**Required action**
Drop every picture, then transcribe the remaining data exactly.

**Data provided**
··········
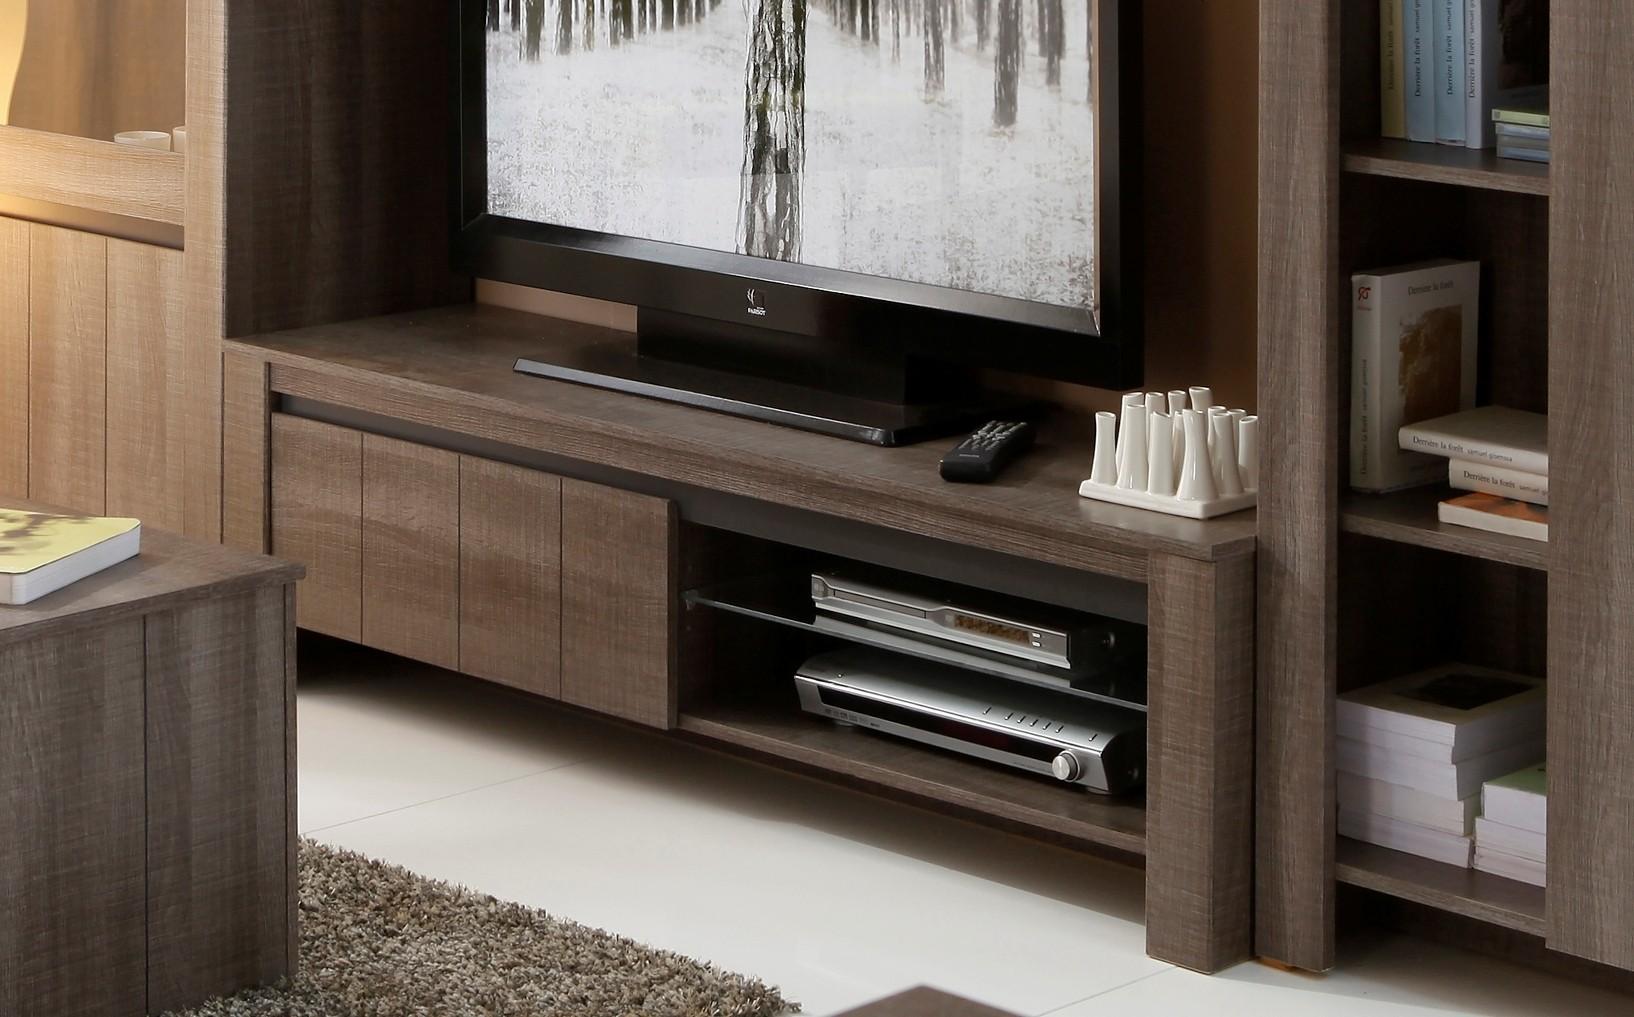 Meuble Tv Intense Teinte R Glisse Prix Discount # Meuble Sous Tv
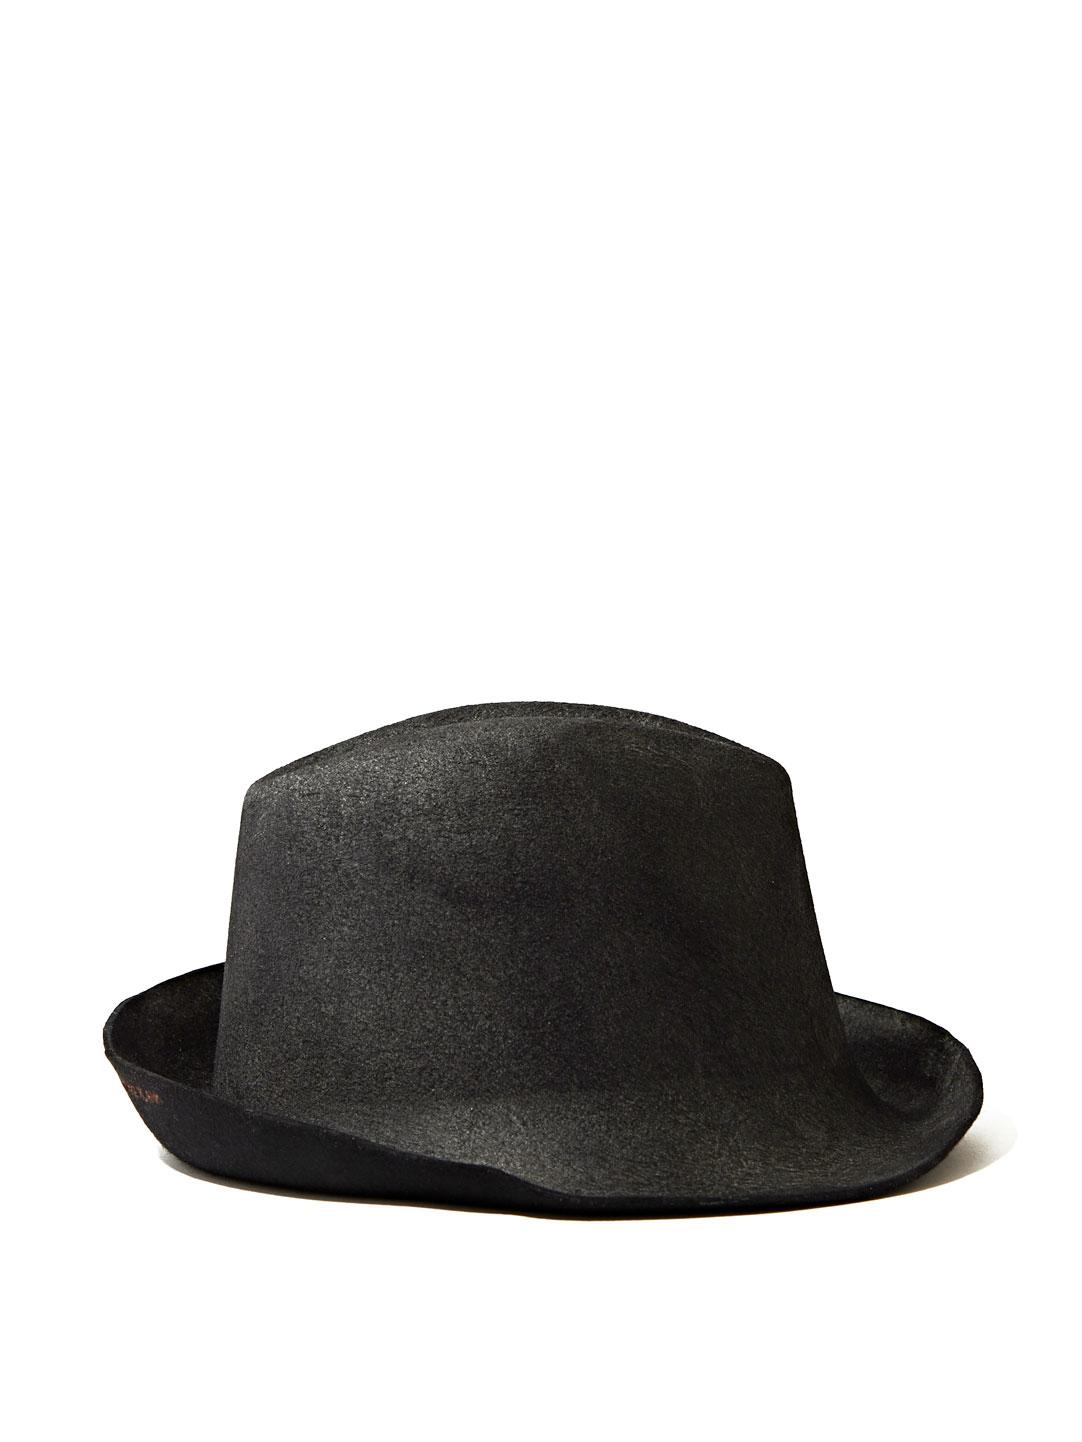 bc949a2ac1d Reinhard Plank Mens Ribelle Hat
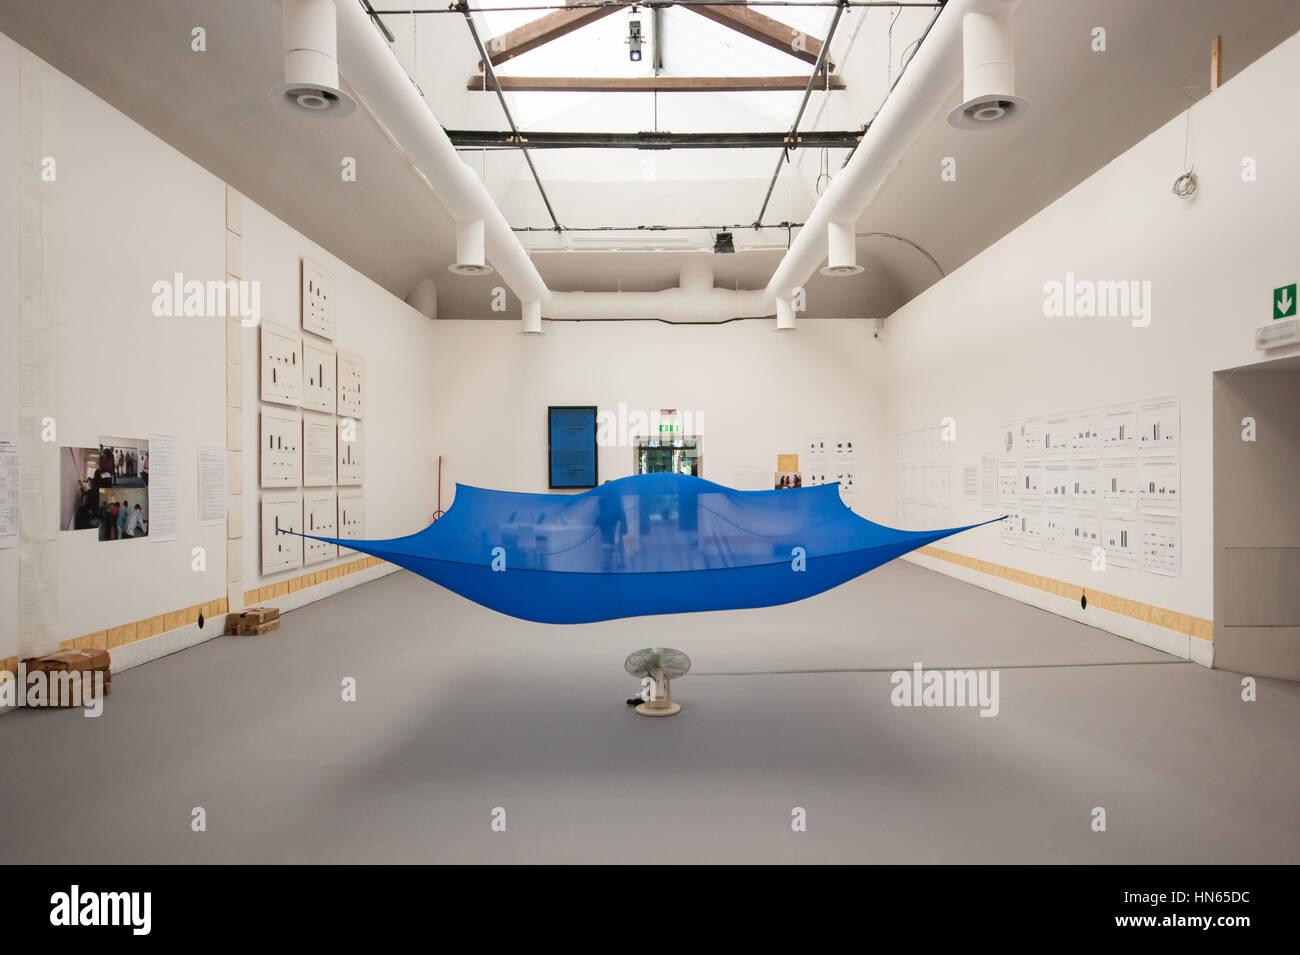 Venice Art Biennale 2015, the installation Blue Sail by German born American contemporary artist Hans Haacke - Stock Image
··········
**Solution below**
 Meuble Tv Intense Teinte R Glisse Prix Discount # Meuble Sous Tv
 bc949a2ac1d Reinhard Plank Mens Ribelle Hat
 Venice Art Biennale 2015, the installation Blue Sail by German born American contemporary artist Hans Haacke - Stock Image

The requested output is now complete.